# *****Waterproofing With Fiberglass Epoxy?****



## luke (Mar 23, 2011)

Does anyone here have any personal experiance in using Epoxy for waterproofing their Torts enclosure? 

I'm thinking of using it for my redfoots enclosure that im building. I have epoxy and also some waterbased sparurithane or w/e its called. Anyhow, Im concerned that if I line the floor of the enclosure with epoxy, it will leach harmfulll chemicals into the substrate/water. I know there is no sudies on how this sort of thing effects Torts but I'm looking more for opinions, altho personal experiance would be best.

Somone started a thred about a similar topic recenty. But no one on there actualy said they have used epoxy before.

I'll show you pics of the progress soon.


----------



## N2TORTS (Mar 23, 2011)

You could use epoxy. and its usally a two part product, another option is fiberglass/Resin. Still a 3rd option would be to line the bottom with a 20mil rubber and or lining of some sort. I would be safe to say you are trying to waterproof the entire enclosure? . Just a thought .... you might want leave some small drain holes/air ducts within the bottom . For torts ... no need for it to be water tight"....The down side of completly sealing the bottom up , you will develope molds and fungus even with regular cleanings. Slight air movement between the soil layers will keep things breaking down organically in a correct fashion with less "high" build ups of molds and fungi~
Once any of the above mentioned products are cured .. ( usally within 72 hours) ,,,there should be very minimum " toxins" that would harm your torts.
Happy Building" 

JD~


----------



## luke (Mar 23, 2011)

Thanks.

Have you used Epoxy or fiberglass resin for your Torts before?

Yes I am trying to waterproof all of the enclosure but I plan on allowing ventilation as well. I only really want to use the epoxy for the floor part since it be in constantly hight humidity if not wet. For the wood beams I'll probobly just use the Spar and then epoxy on the lower part of the beam.
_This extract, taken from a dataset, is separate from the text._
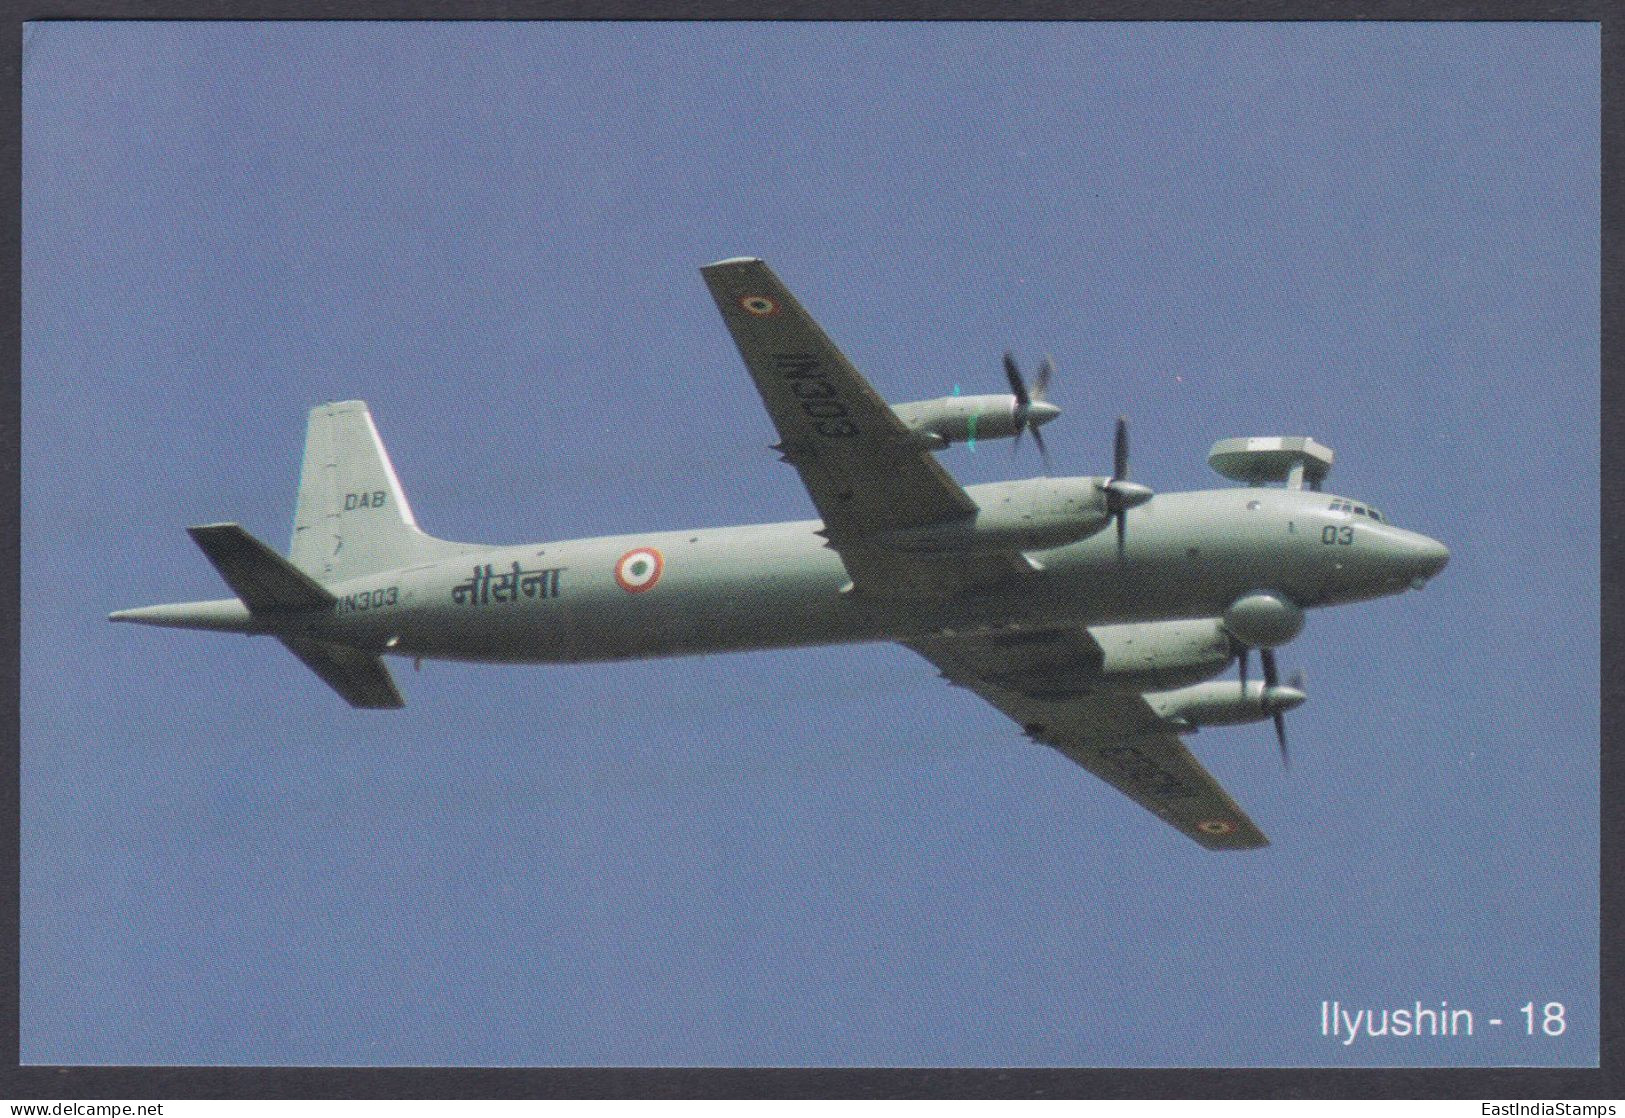 Inde India 2007 Mint Postcard Bangalore Air Show Ilyushin - 18, Indian Navy, Naval, Aircraft, Aeroplane, Airplane - Inde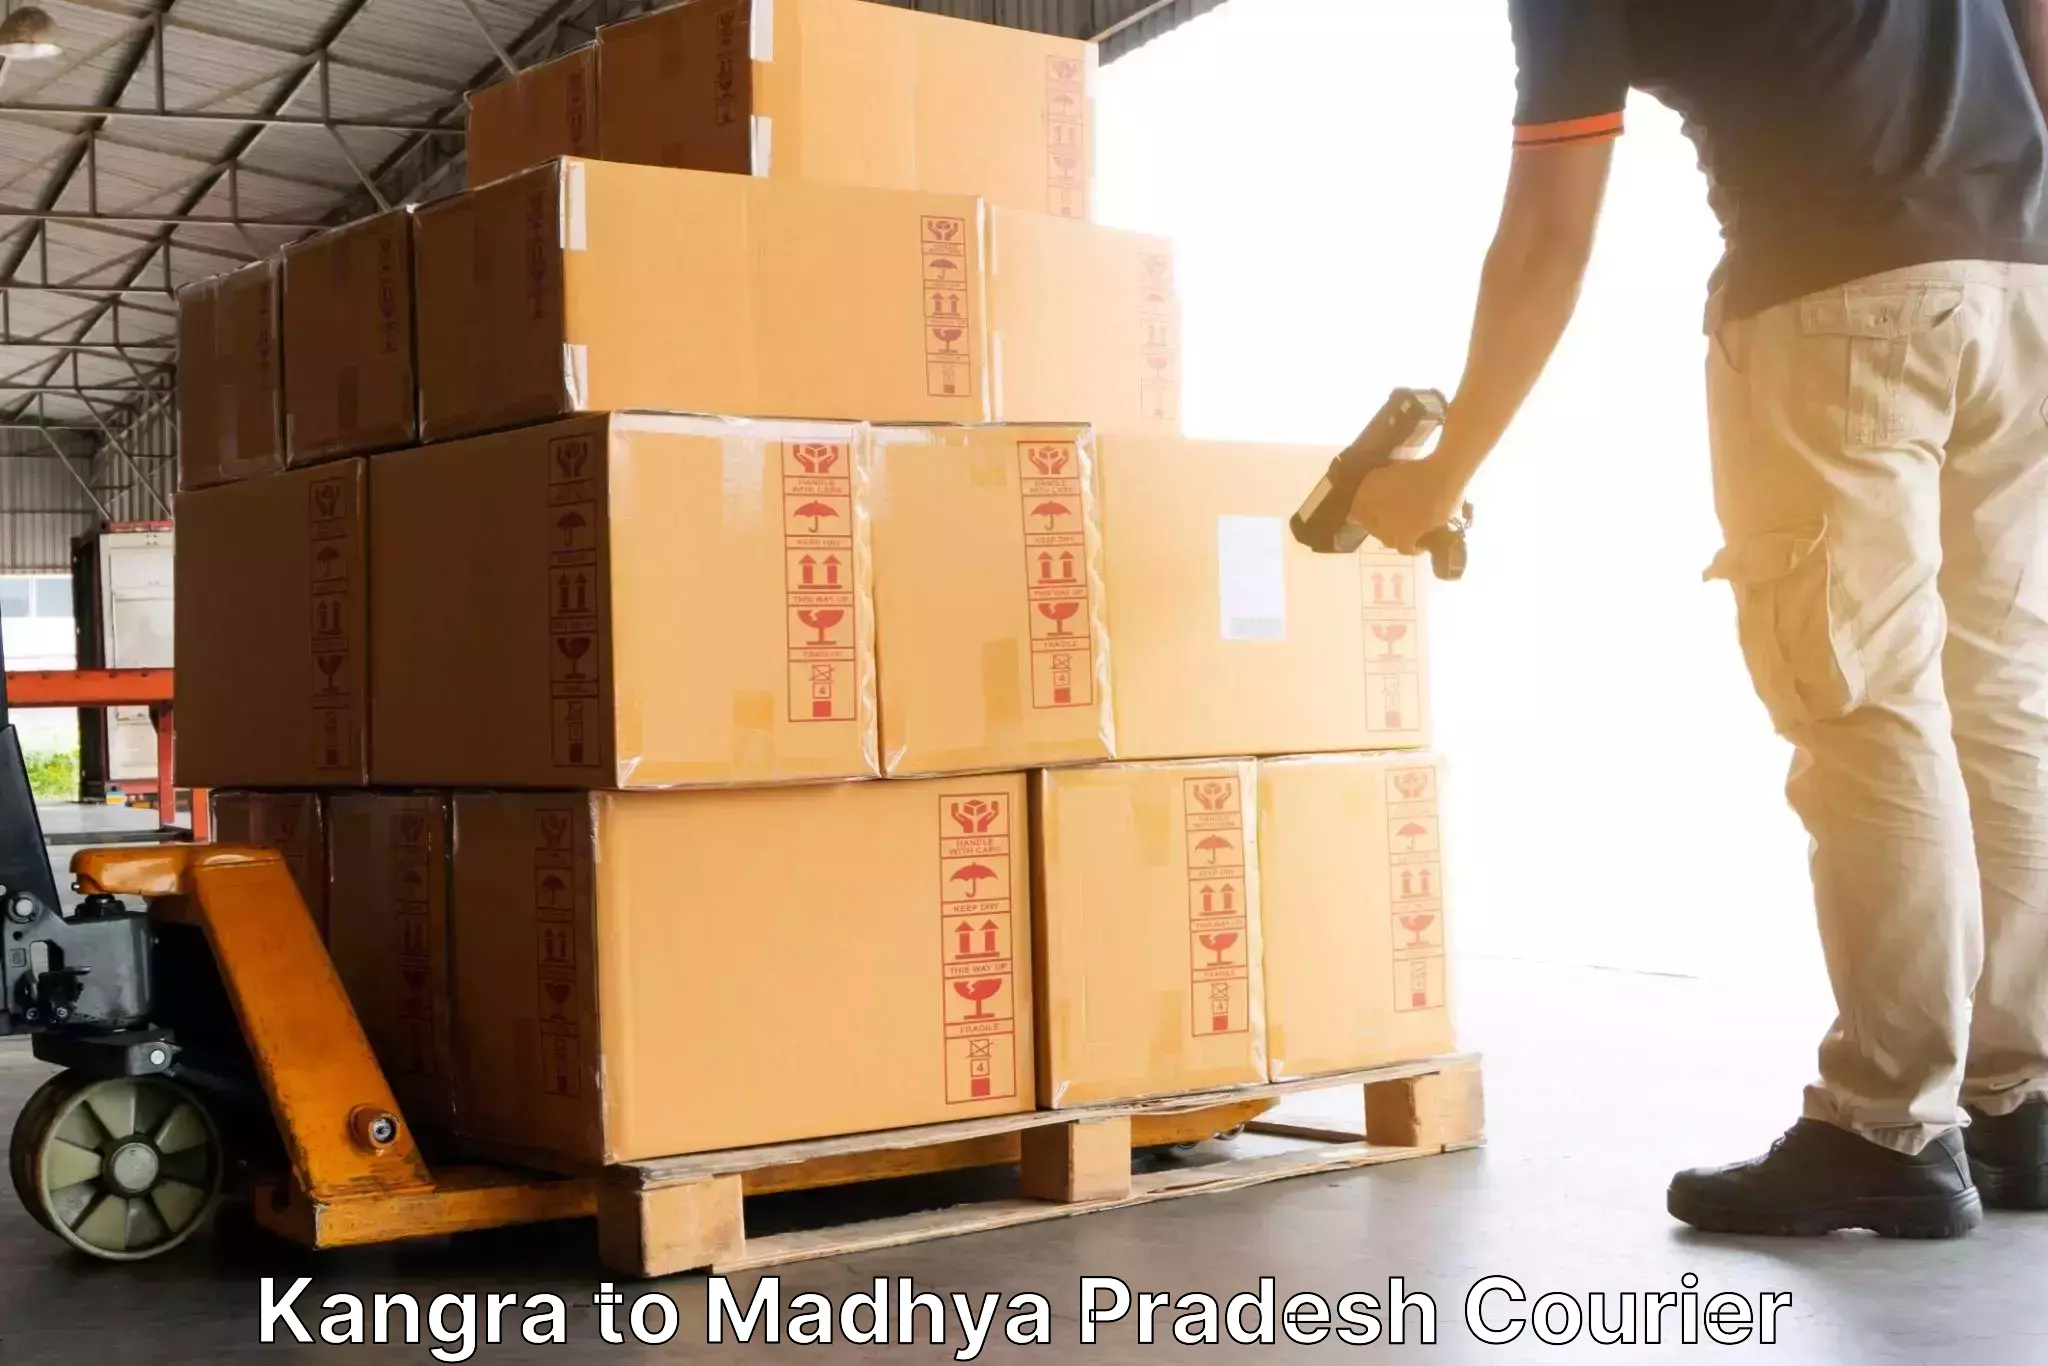 Courier service comparison Kangra to Rahatgarh

When you say "within the bottom" are you talking about the floor of the enclosure or the sides but down at substrate level?

thanks
l


----------



## Kristina (Mar 23, 2011)

I use Parks Superglaze epoxy resin (Home Depot.) It cures 100% non-toxic and hard as a rock. I have used it in fully submersed conditions (false back-grounds for fish tanks) for years with no problems. Then I just use GE Silicone to seal the cracks. You want the silicone to be the kind that does NOT have mold inhibitors. You can use other brands as long as it is 100% silicone (Walmart's "Mainstays" works well also.) 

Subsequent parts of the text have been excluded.